The Alabama in the Civil War Message Board

Re: Additional Thoughts About Confederate Losses

The Hacker article cited by the NYT is worth the time reading and considering.

Considering the currently accepted number of Confederate wartime deaths, read this by Michael Lind. Conditions and facts conveyed in this statement have constantly been in my mind since reading them seven years ago. They influence the way I respond to questions about the Civil War, particularly its outcome and impact on those who survived in the South, black and white. If my posts include unpleasant words from time to time, I apologize in advance. The underlying reason usually has something to do with the paragraph below.

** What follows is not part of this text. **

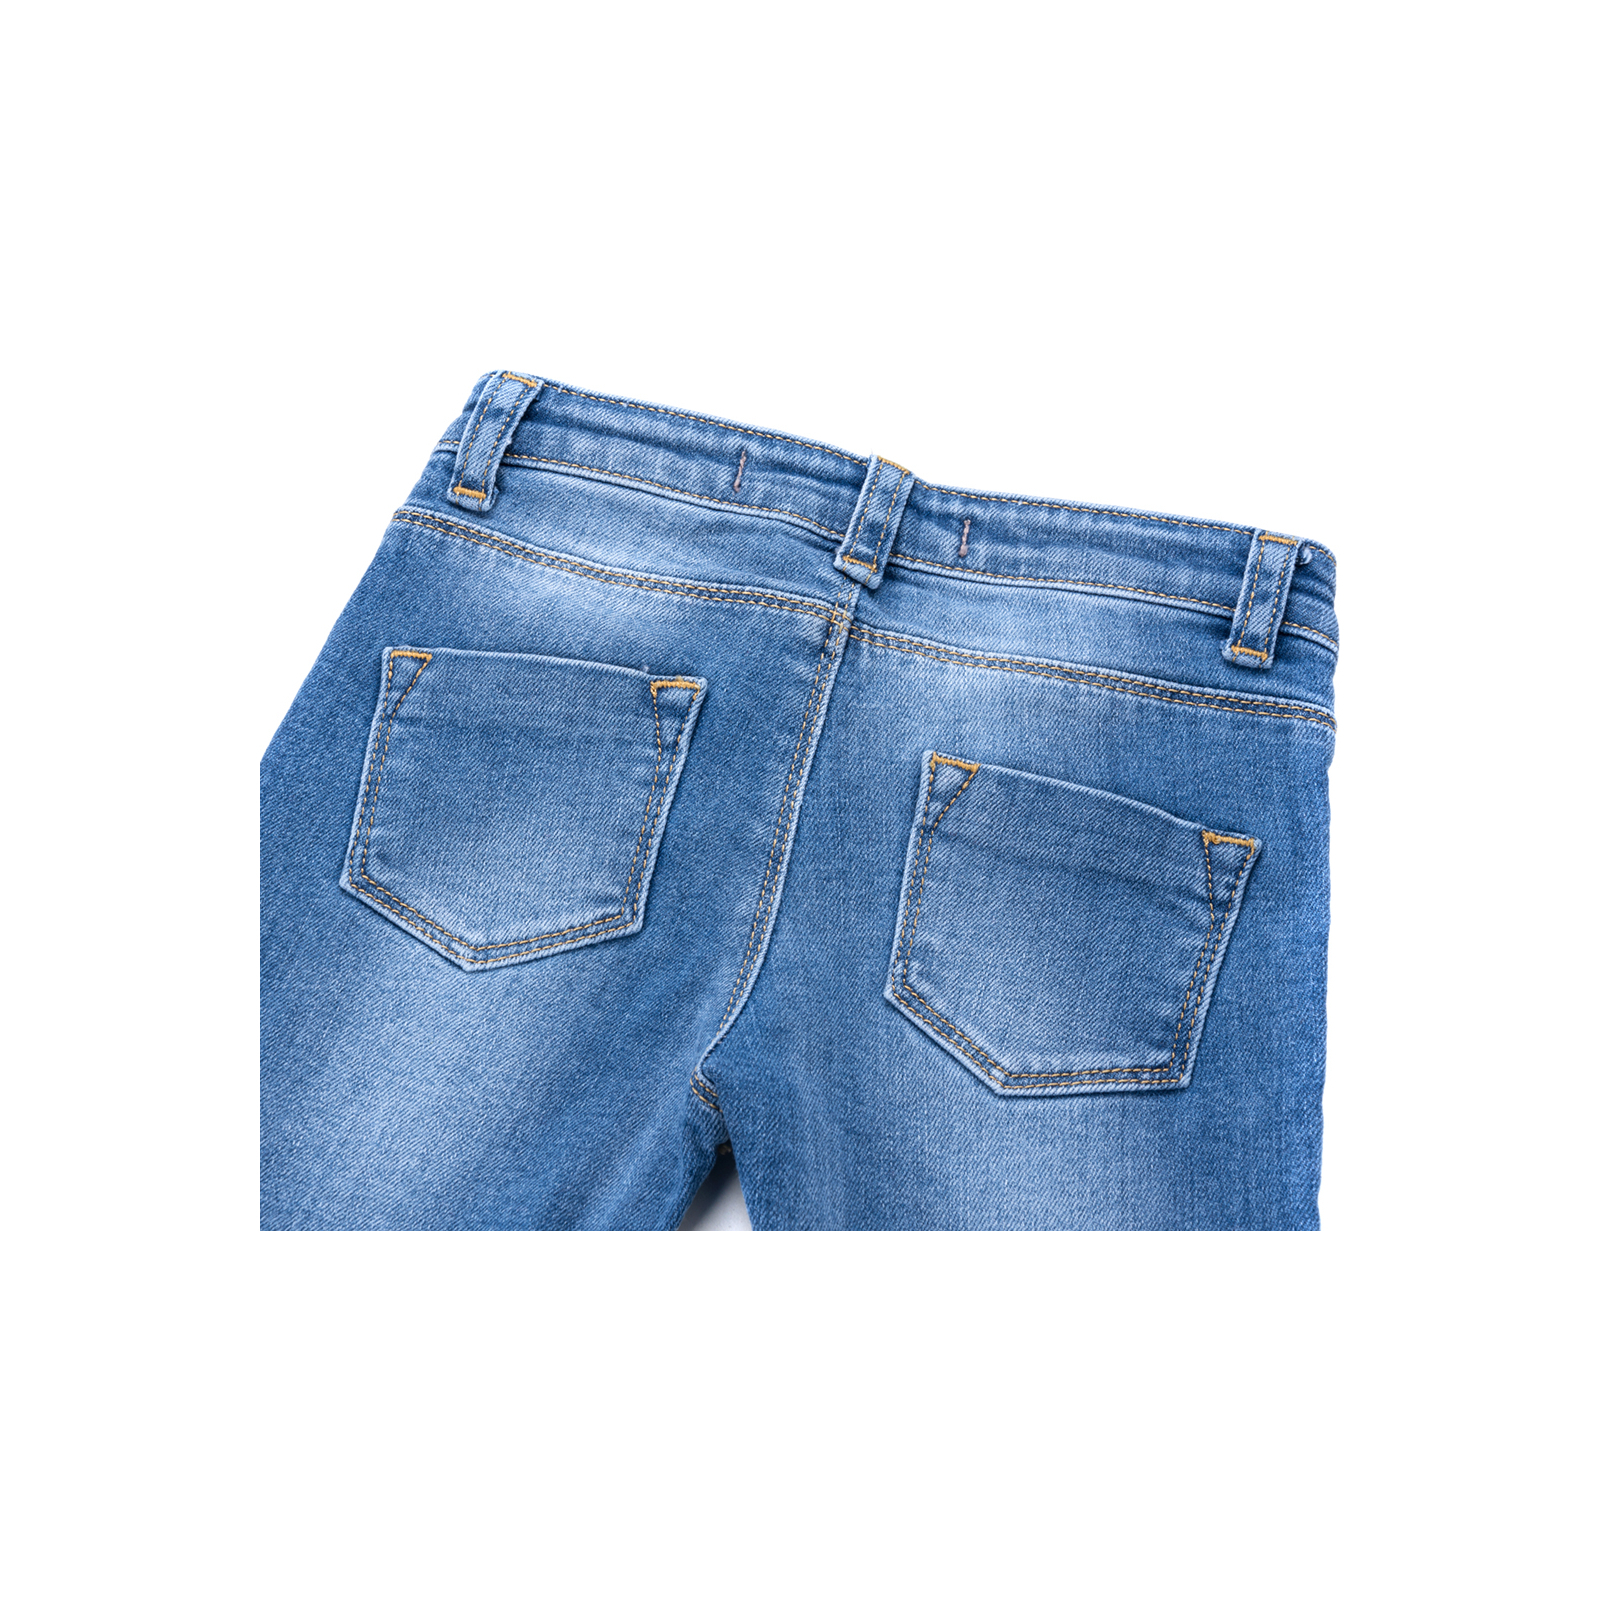 Джинсы Breeze джинсовые с цветочками (OZ-17703-74G-jeans) изображение 5

The South had been ruined by the Civil War. Two hundred and fifty thousand Confederates died of wounds from battle or disease. If the Union had suffered proportional losses, instead of losing 360,000 men, they would have lost more than a million. The equivalent to the South's losses by the United States in World War II, in which the nation lost more than 300,000, would have been more than 6 million.

In addition to conquest and occupation, Southerners experienced losses on a scale suffered by European nations in the world wars of the twentieth century. The abolition of slavery erased $2 billion of capitol. Two-thirds of southern wealth vanished. Between 1860 and 1870 the South's share of U.S. wealth shrank from 30 percent to 12 percent. By 1880 the gap in per capita wealth between the North and South was comparable to that between Germany and Russia.

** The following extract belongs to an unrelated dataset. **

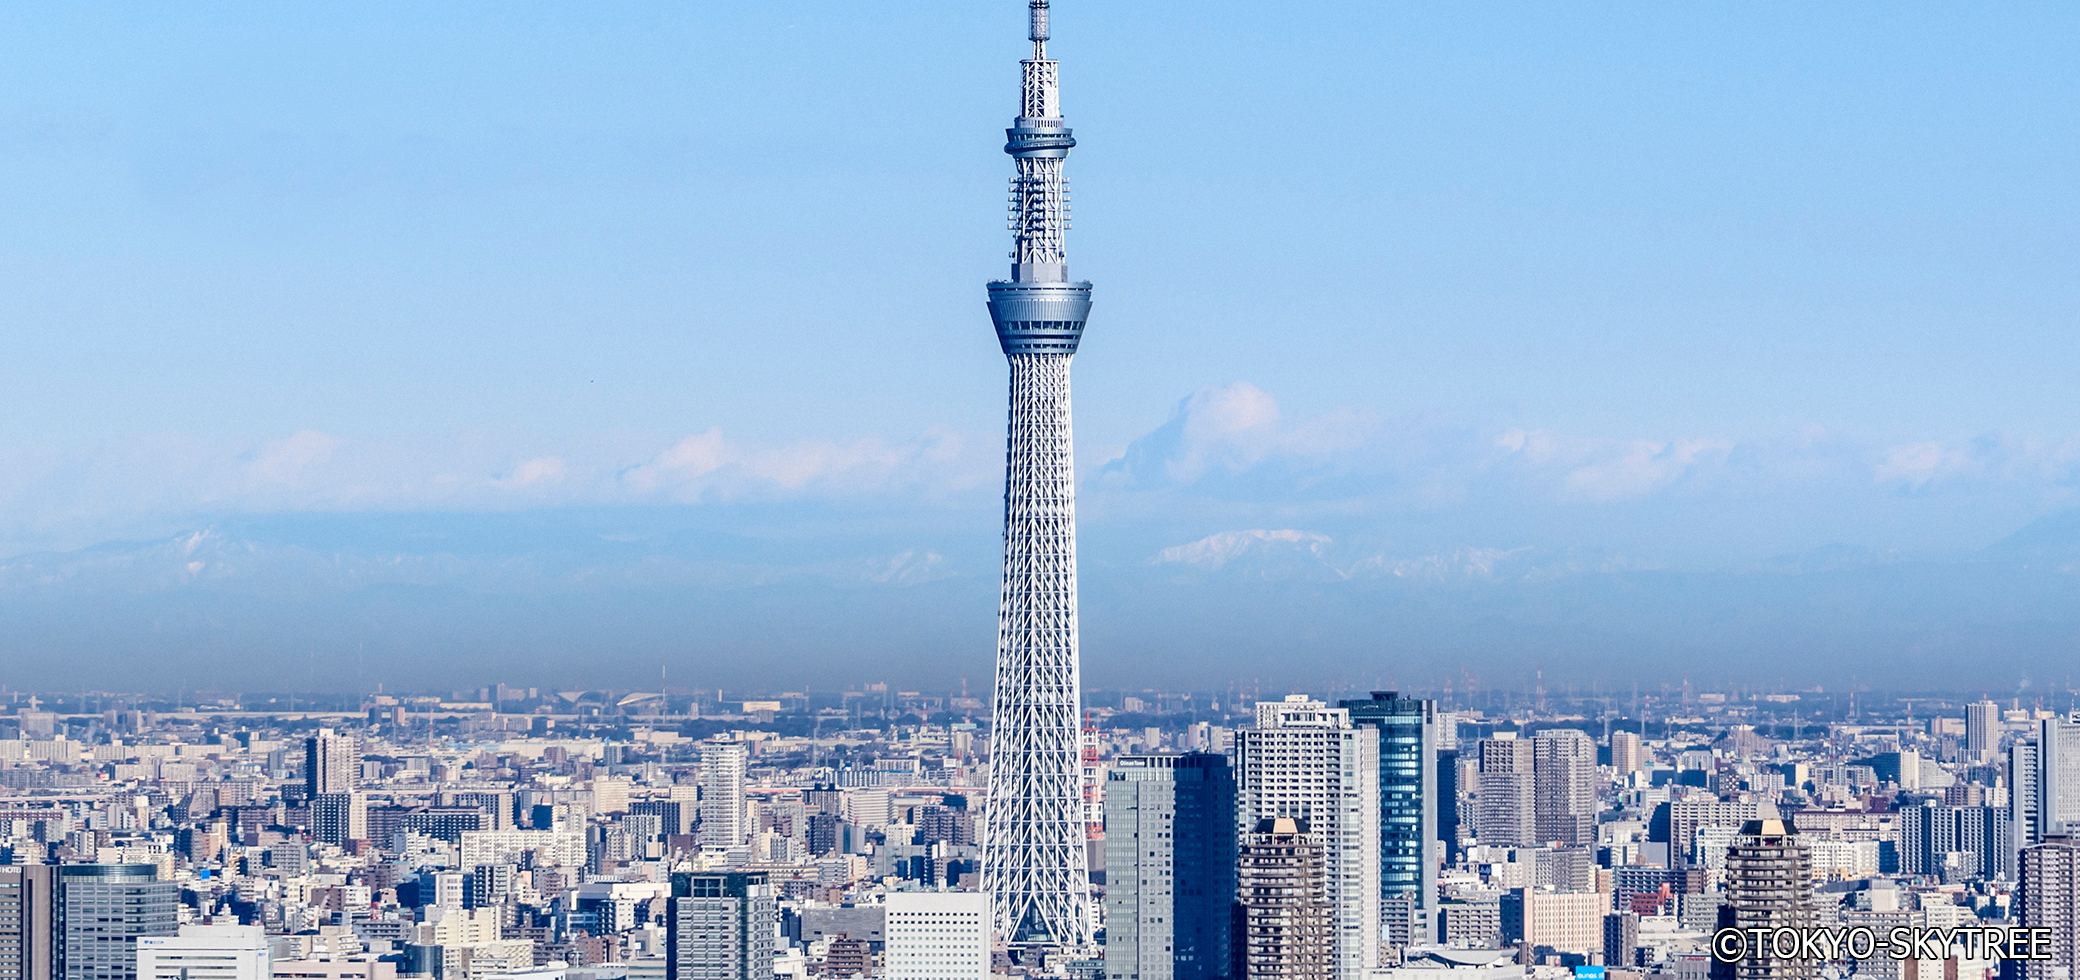 Oshiage / Mukojima / Tokyo Skytree

Michael Lind, What Lincoln Believed: The Values and Convictions of America's Greatest President, p. 240. I will be pleased to share Mr Lind's sources for the statements given here.

The Alabama State census of 1866 includes three columns for each head of household. These record the number of household members killed, died and disabled during the war. I don't know of any state or county totals compiled, but surely these exist.

This side of heaven, there's no reasonable way to calculate the number of post-war deaths due to wartime wounds, disease and/or exhaustion.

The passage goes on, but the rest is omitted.